So, a transformer is essentially composed of a stack of encoder and decoder layers. The role of an encoder layer is to encode the English sentence into a numerical form using the attention mechanism, while the decoder aims to use the encoded information from the encoder layers to give the German translation for the particular English sentence.

In the figure below, the transformer is given as input an English sentence, which gets encoded using 6 encoder layers. The output from the final encoder layer then goes to each decoder layer to translate English to German.


Data Flow in a Transformer (Image by author)


1. Encoder Architecture

Q: That’s alright but, how does an encoder stack encode an English sentence exactly?

Patience, I am getting to it. So, as I said the encoder stack contains six encoder layers on top of each other(As given in the paper, but the future versions of transformers use even more layers). And each encoder in the stack has essentially two main layers:

  • a multi-head self-attention Layer, and
  • a position-wise fully connected feed-forward network

Very basic encoder Layer (Image by author)


They are a mouthful. Right? Don’t lose me yet as I will explain both of them in the coming sections. Right now, just remember that the encoder layer incorporates attention and a position-wise feed-forward network.

Q: But, how does this layer expect its inputs to be?

This layer expects its inputs to be of the shape SxD (as shown in the figure below) where S is the source sentence(English Sentence) length, and D is the dimension of the embedding whose weights can be trained with the network.

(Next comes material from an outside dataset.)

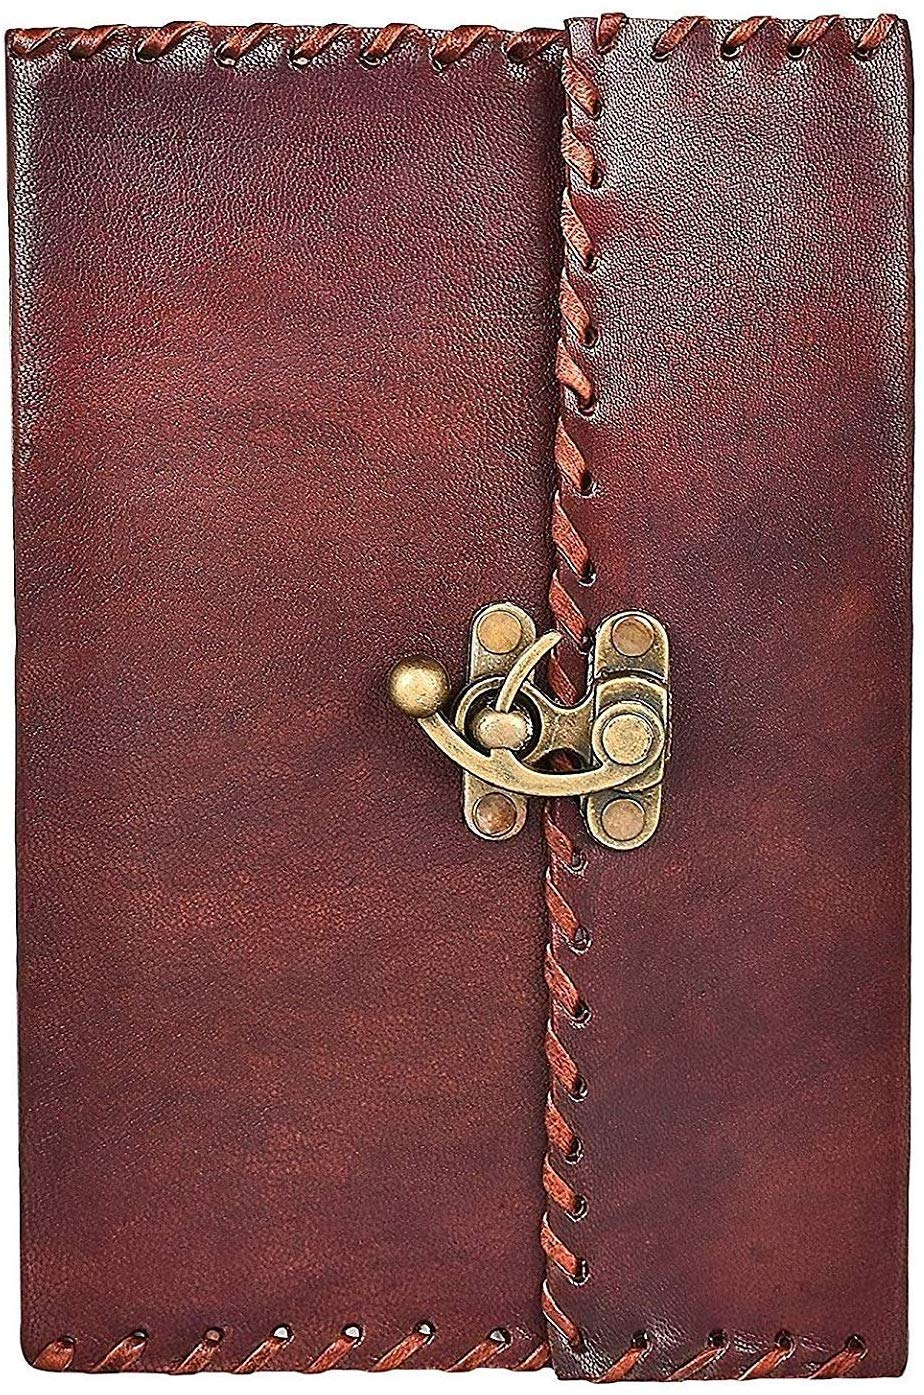 Real Vintage Hunter Leather Handmade Paper Notebook Diary with Brass Lock

In this post, we will be using D as 512 by default throughout. While S will be the maximum length of sentence in a batch. So it normally changes with batches.


Encoder — Input and Output shapes are the same (Image by author)


And what about the outputs of this layer? Remember that the encoder layers are stacked on top of each other. So, we want to be able to have an output of the same dimension as the input so that the output can flow easily into the next encoder. So the output is also of the shape, SxD.

Q: Enough about the sizes talk, I understand what goes in and what goes out but what actually happens in the Encoder layer?

Okay, let’s go through the attention layer and the feedforward layer one by one:


A) Self-attention layer



How Self-Attention Works (Image by author)


The above figure must look daunting but it is easy to understand. So just stay with me here.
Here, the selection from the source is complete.